Open, Closed, Inquiring
“Every man, wherever he goes, is encompassed by a cloud of comforting convictions, which move with him like flies on a summer day.” – Bertrand Russell
Out of the chute, so to speak, we’re all born with open minds. As we age and accumulate one experience after another, we naturally start forming beliefs based on those experiences. The experiences of other individuals (like our friends and parents) and institutions (like our schools, our corpocracies, and our government) are also impressed upon us. The more similar our new experiences to our previous experiences, the more attached we become to our beliefs.

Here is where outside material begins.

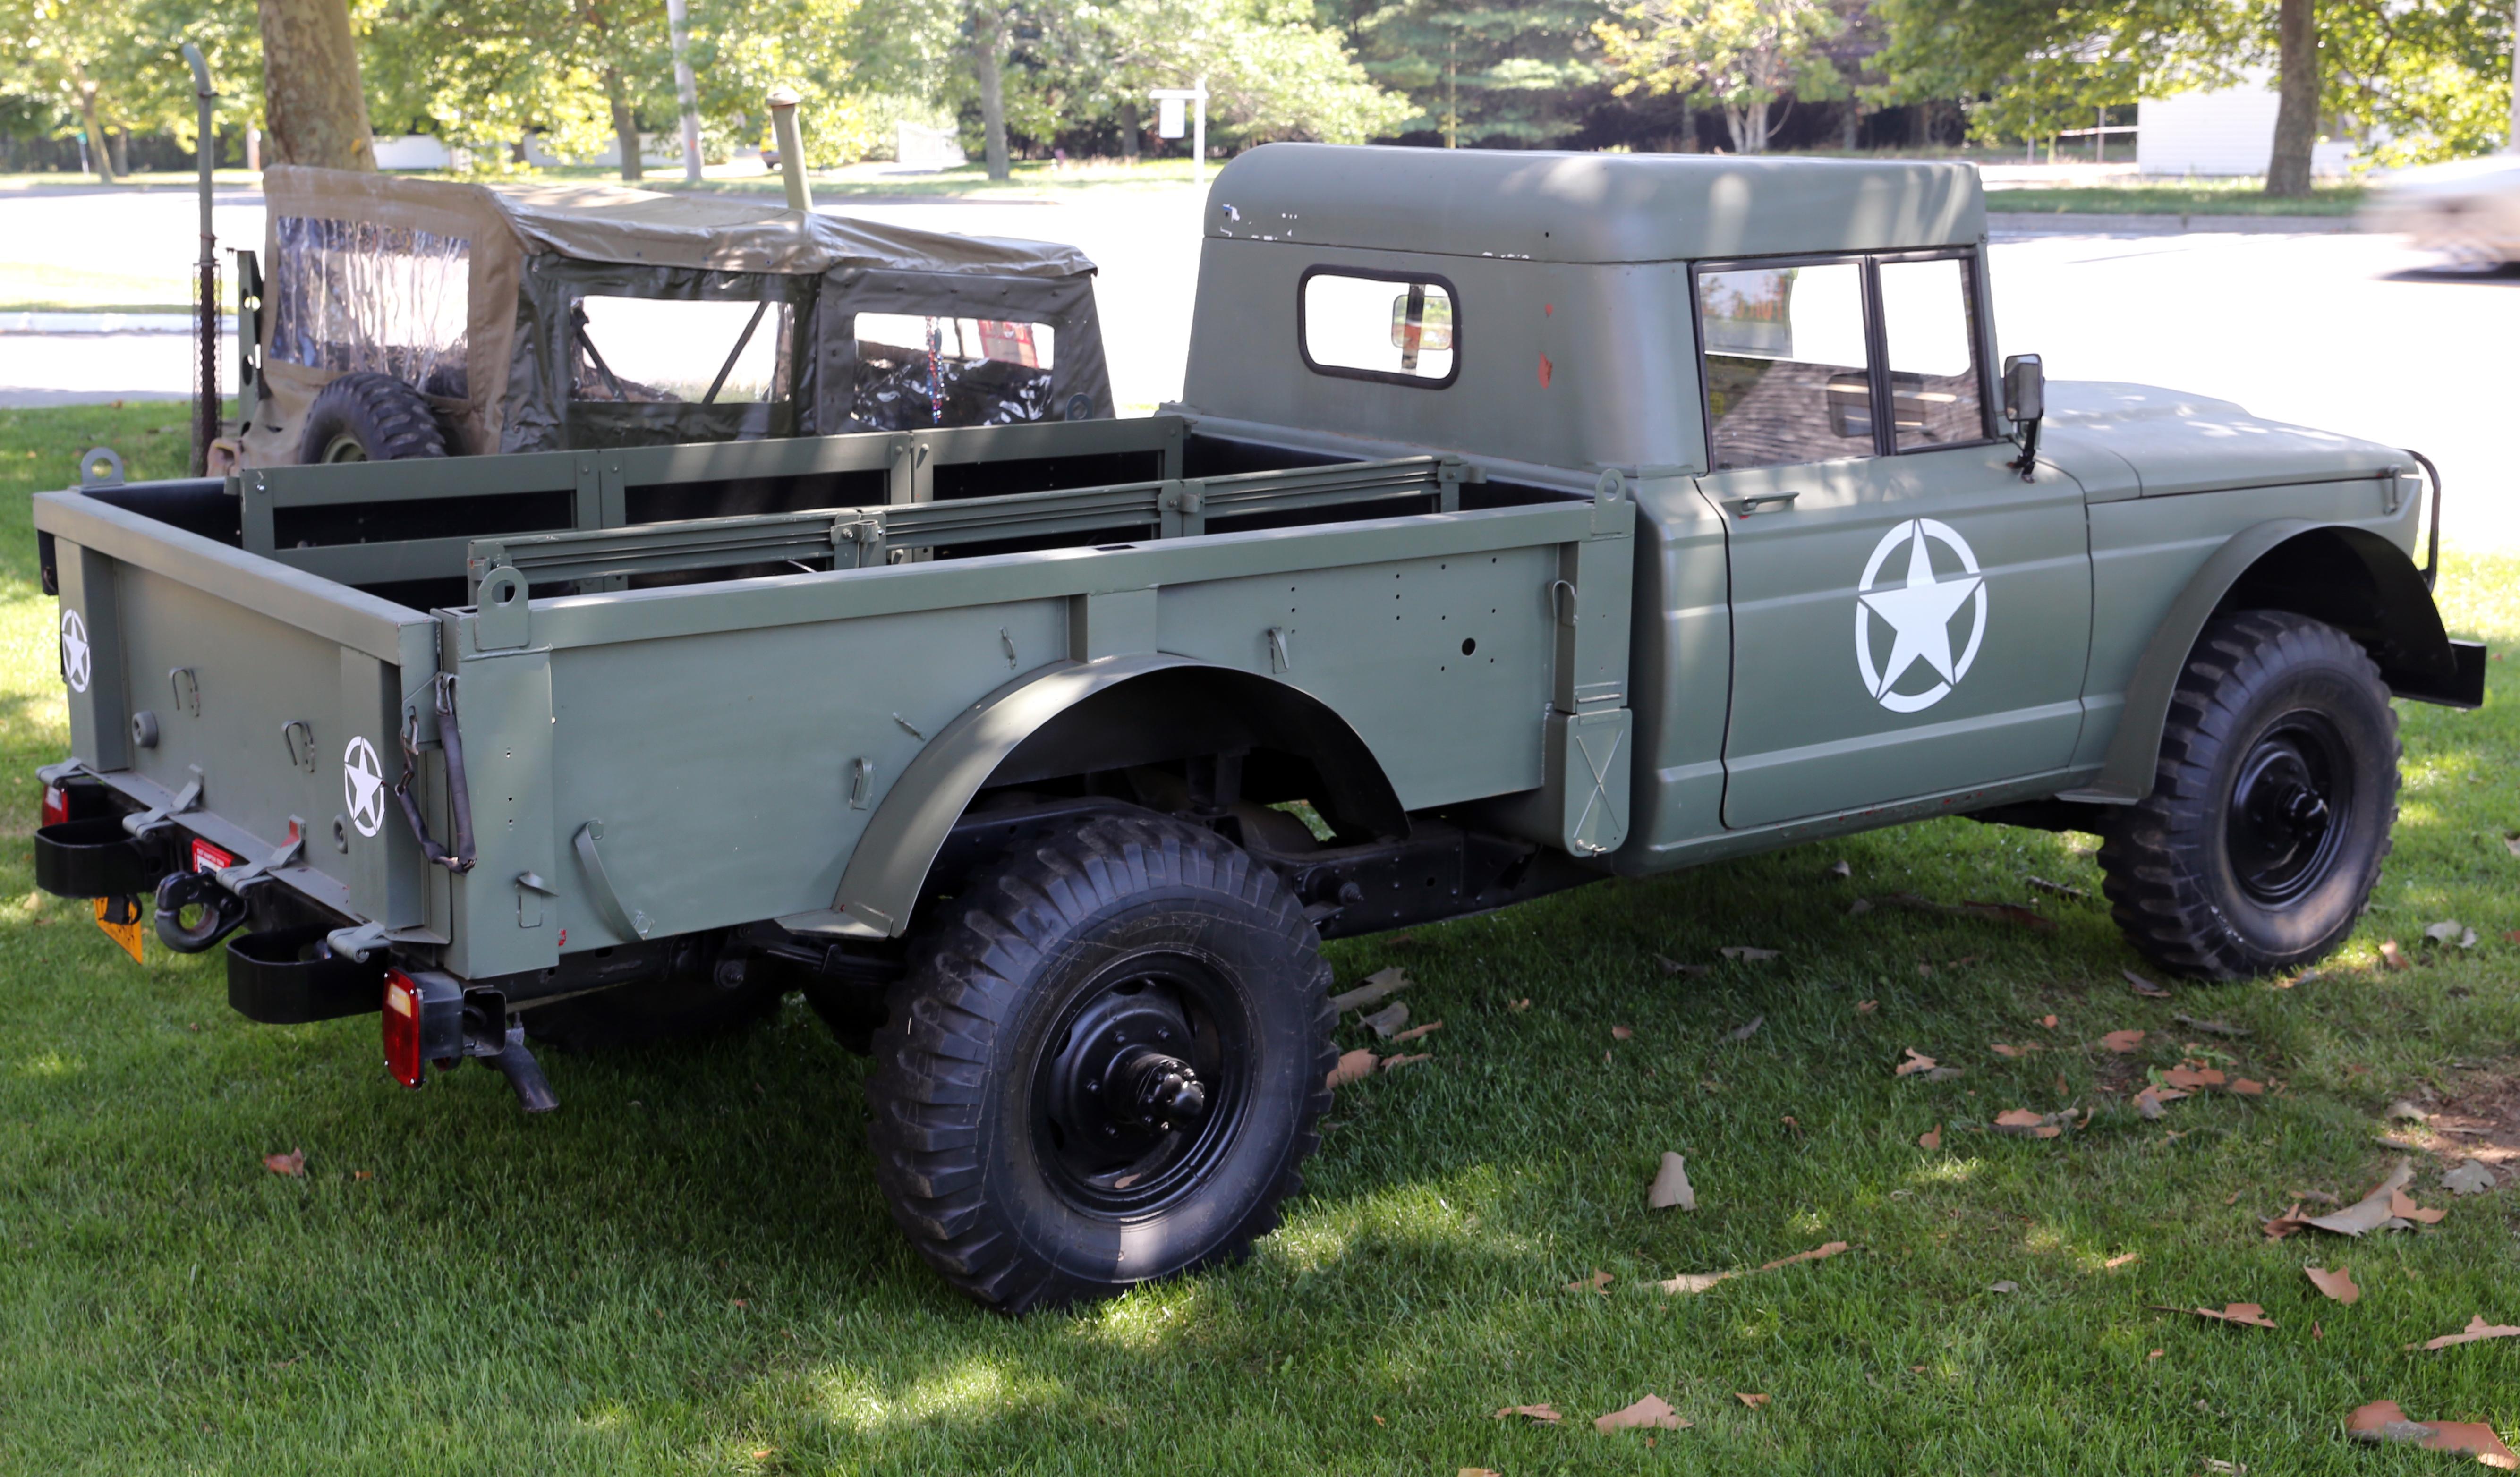 File:1967 Kaiser Jeep M715 rear.jpg - Wikimedia Commons

Unknowingly, we’ve started to construct our own very personal “unshakable cognitive burden” (UCB) from the ground up.
As our attachment to (at least some of) those beliefs hardens through exposure to more and more confirming evidence, our minds close up and we start suffering more and more. We tend to conveniently ignore, or violently reject, disconfirming evidence to the contrary in order to preserve our hard earned sense of safety and security. Each subsequent experience causes a nearly instantaneous transition out of, and back into, the closed mind state. Once a core belief (the earth is flat, the sun revolves around the earth, “they” are always right, “—-ism” is infallible) has hardened, intellectual and spiritual growth stops. Stasis sets in. Bummer.
So, how does one break the infinite loop of self-transitions out of, and then back into, the closed UCB mind state? Does another more flexible state exist? I think one may exist- the “Inquiring Mind” state, but I don’t have a clue on how to make the jump to get there. In this state, beliefs still exist but our attachment to them is not absolute. Our level of attachment is fluid and ever changing. As a consequence, our suffering, and more importantly, the suffering of those around us, decreases. The world becomes a kinder and gentler place to live in. We start to recognize our connectedness to all “things” and we empathize with people who still hold fast to their core beliefs.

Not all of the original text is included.